The big-headed turtle is known to readily climb over obstacles in and around rivers and fast streams, using its tail as a prop to extend the reach of its strong claws. It also uses its beak to assist in climbing. It has been reported to climb trees and bushes. These turtles generally move more during the night, and are not prone to moving long distances. They have a general daily range of 0-89.6m and males tend to move further than the females in this species. They are not strong swimmers, and when swimming, this species occasionally arches its tail in the manner of a scorpion. The big-headed turtle cannot pull its head in its shell. That being the case, it will not hesitate to use its powerful jaws to defend itself. Its diet consists of fish, snails and worms.
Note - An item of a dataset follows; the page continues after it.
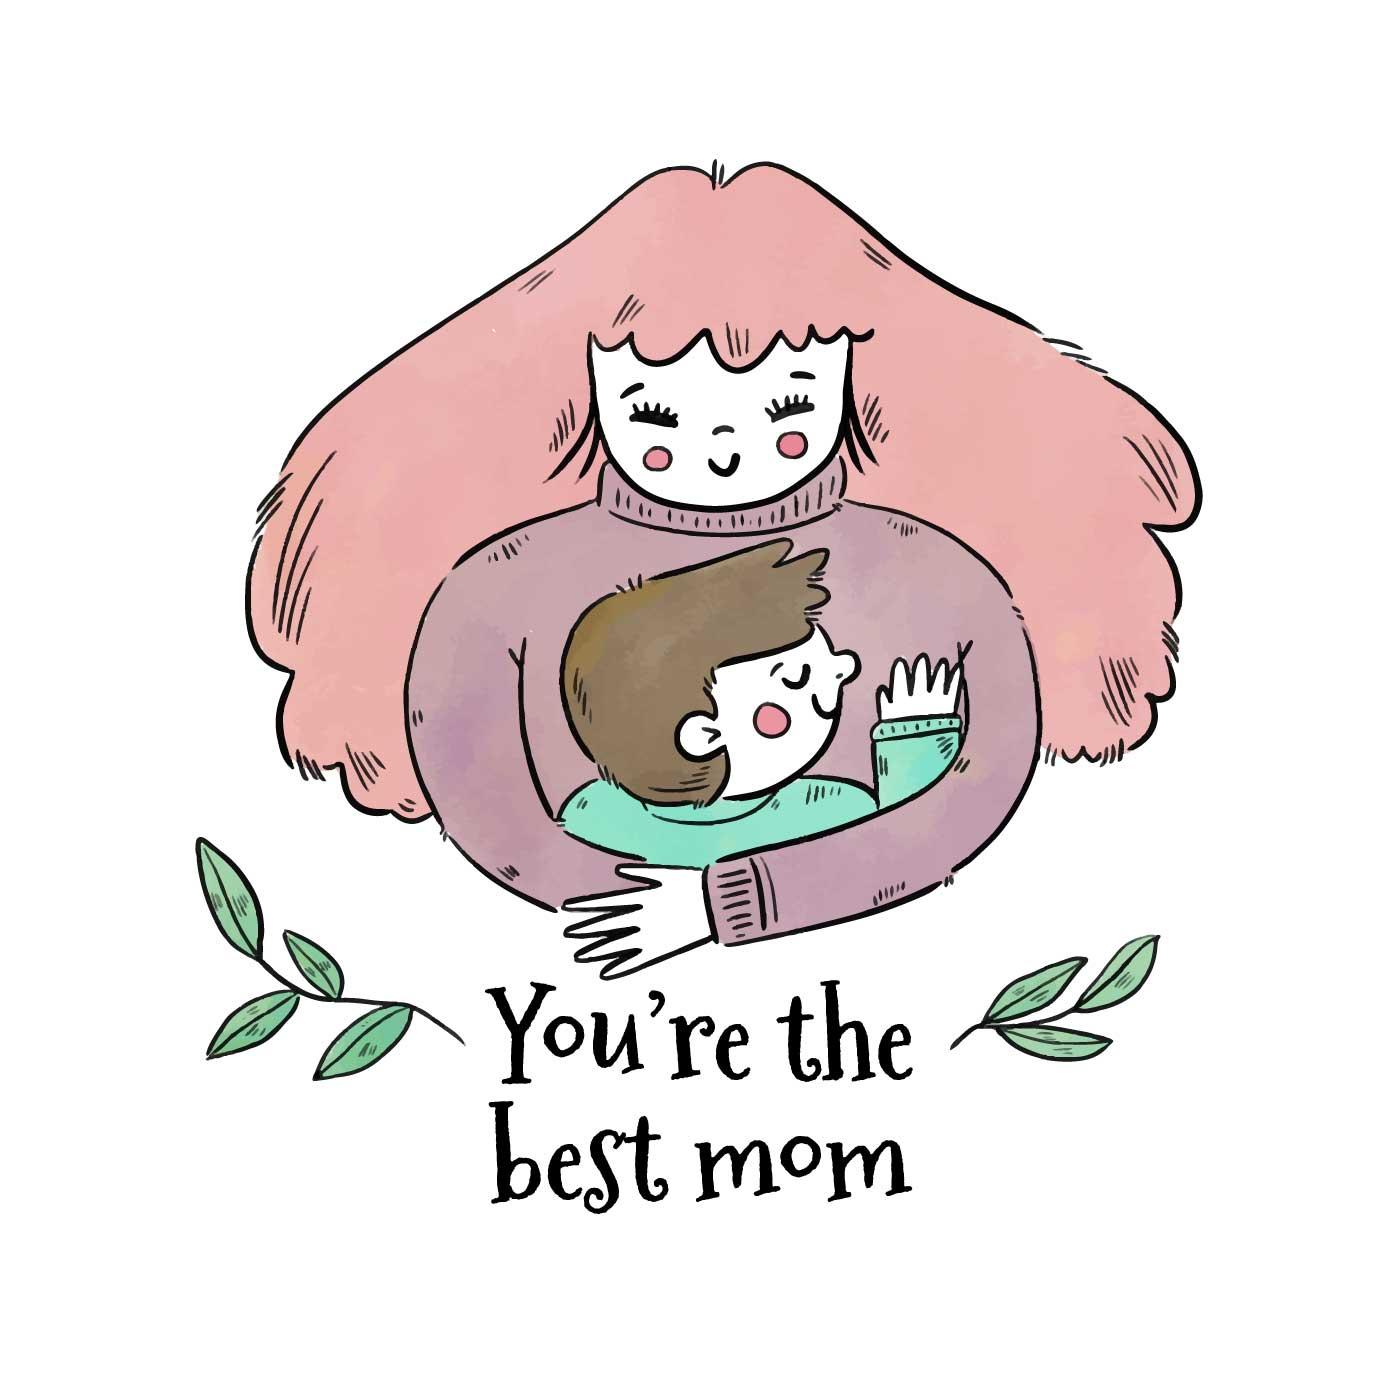 母親節插畫 免費下載   天天瘋後製
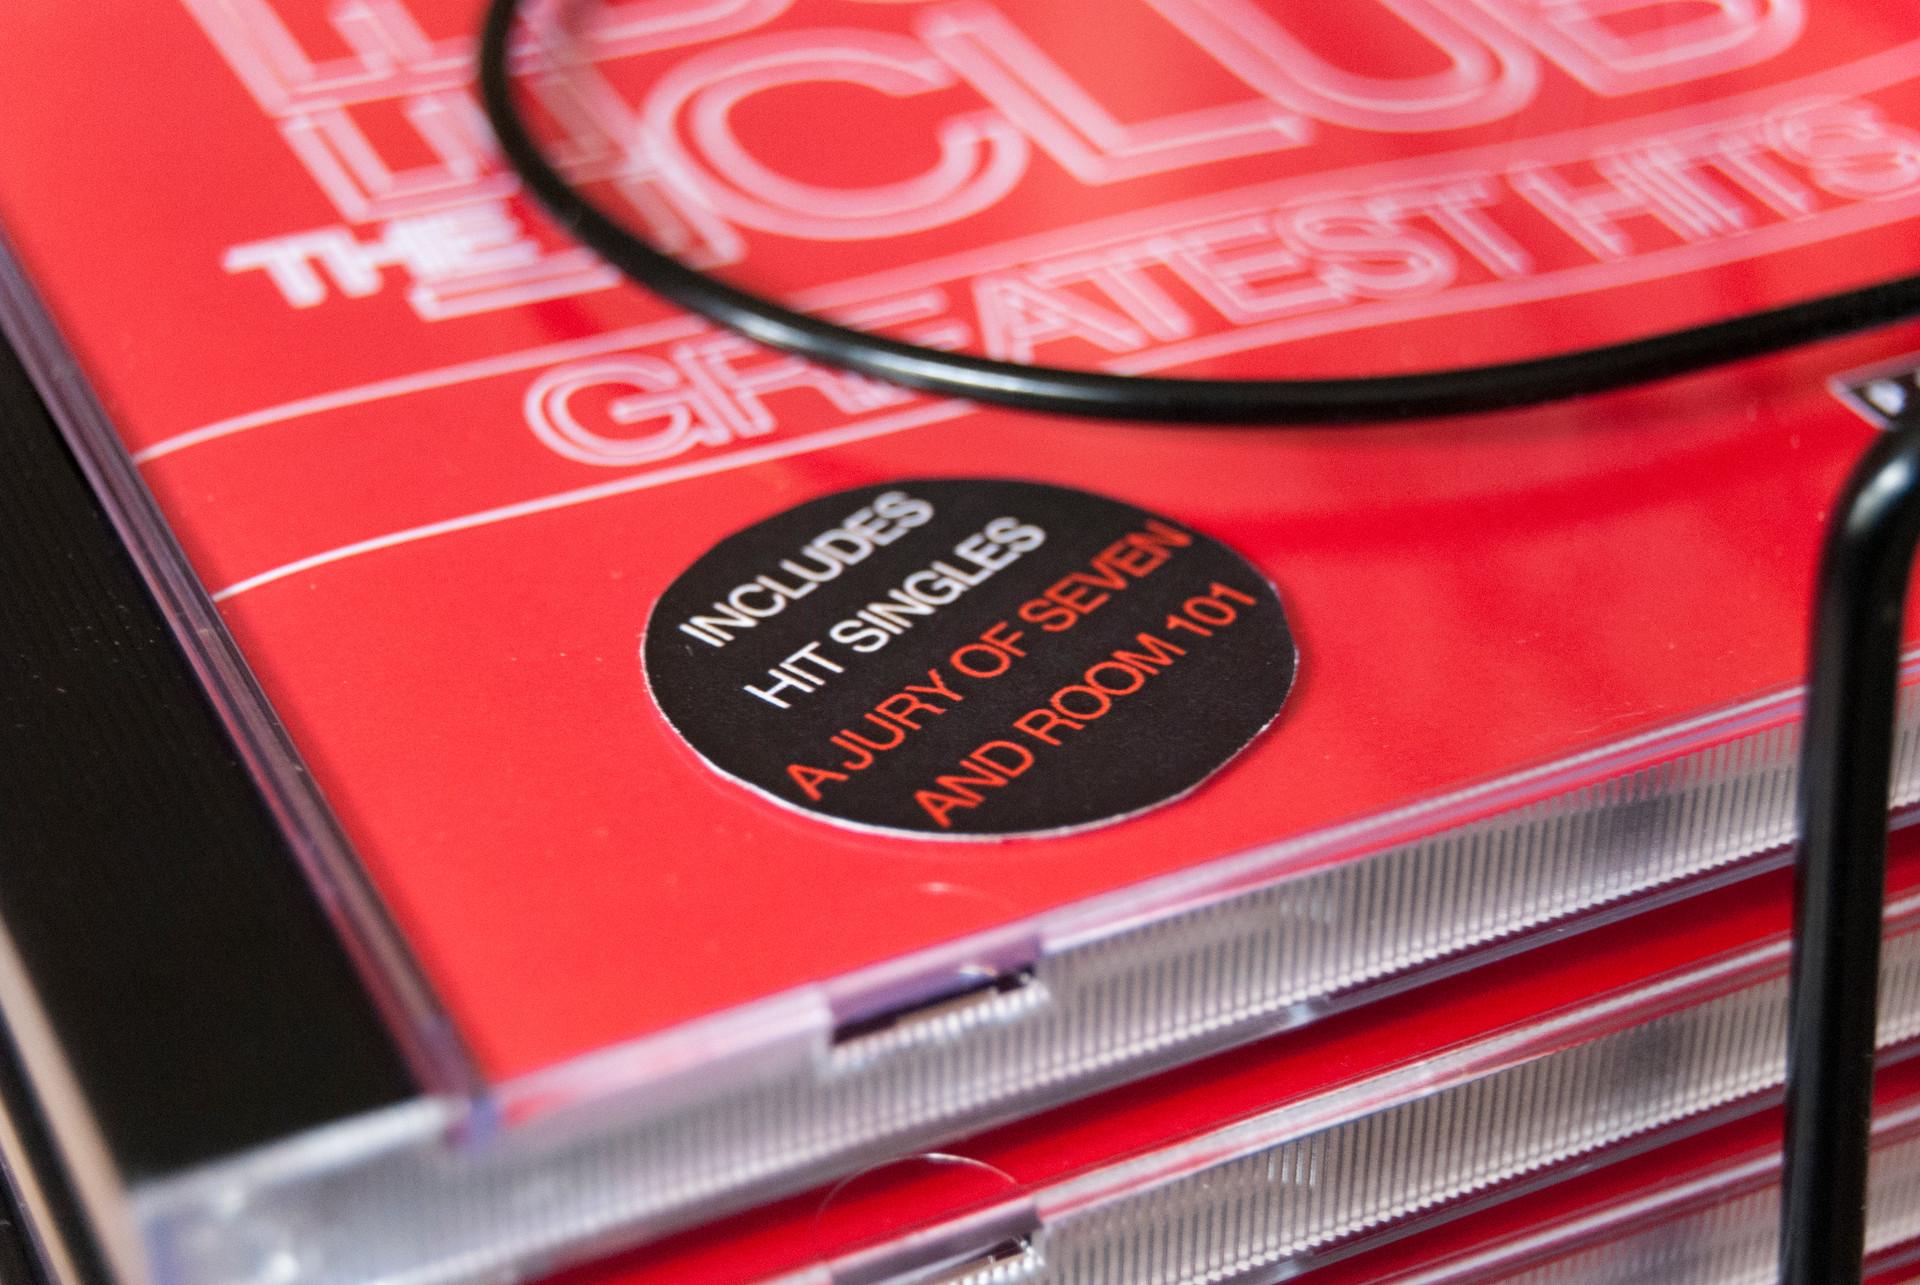 CDs_6.jpg

It also tends to eat fruits like the Machilus spp., as well as insects, crabs and mollusks.

== Diet ==
Originally assumed to be strictly carnivorous, this appears to be an opportunistic feeder with a significant shift towards omnivory or herbivory. Using fecal matter, big-headed turtles are found to consume fruits (Machilus and Turpinia arguta), terrestrial insect adults/larva and aquatic larva (Coleoptera, Homoptera, Hymenoptera, Isoptera, Lepidoptera, Mantodea, Orthoptera, Diptera, Ephemeroptera, Odonata and Tricoptera), mollusks (Sulcospira hainanensis), frogs, rodents, and freshwater crabs. Their eating behavior changes depending on the environmental conditions, but predominantly consume fruits. Seeds partially digested were found to have increased germination success after turtle excretion, possibly connecting their frugivore habits to environmental conditions.

==Exploitation==
The big-headed turtle is found quite frequently in illegal wildlife trade. It is readily consumed in Asia and is frequently a market item. Hunters capture them on lines with baited straight pins, so this species is rapidly disappearing in the wild. The species is also threatened by its use in the pet trade.

==Subspecies==
- P. m. megacephalum, China, 1831
- P. m. peguense, Myanmar and Thailand, 1870
- P. m. shiui, Cambodia, Laos and Vietnam, 1987

In addition, two other subspecies, P. m. tristernalis (1984) and P. m. vogeli (1969), have been given, but may be invalid.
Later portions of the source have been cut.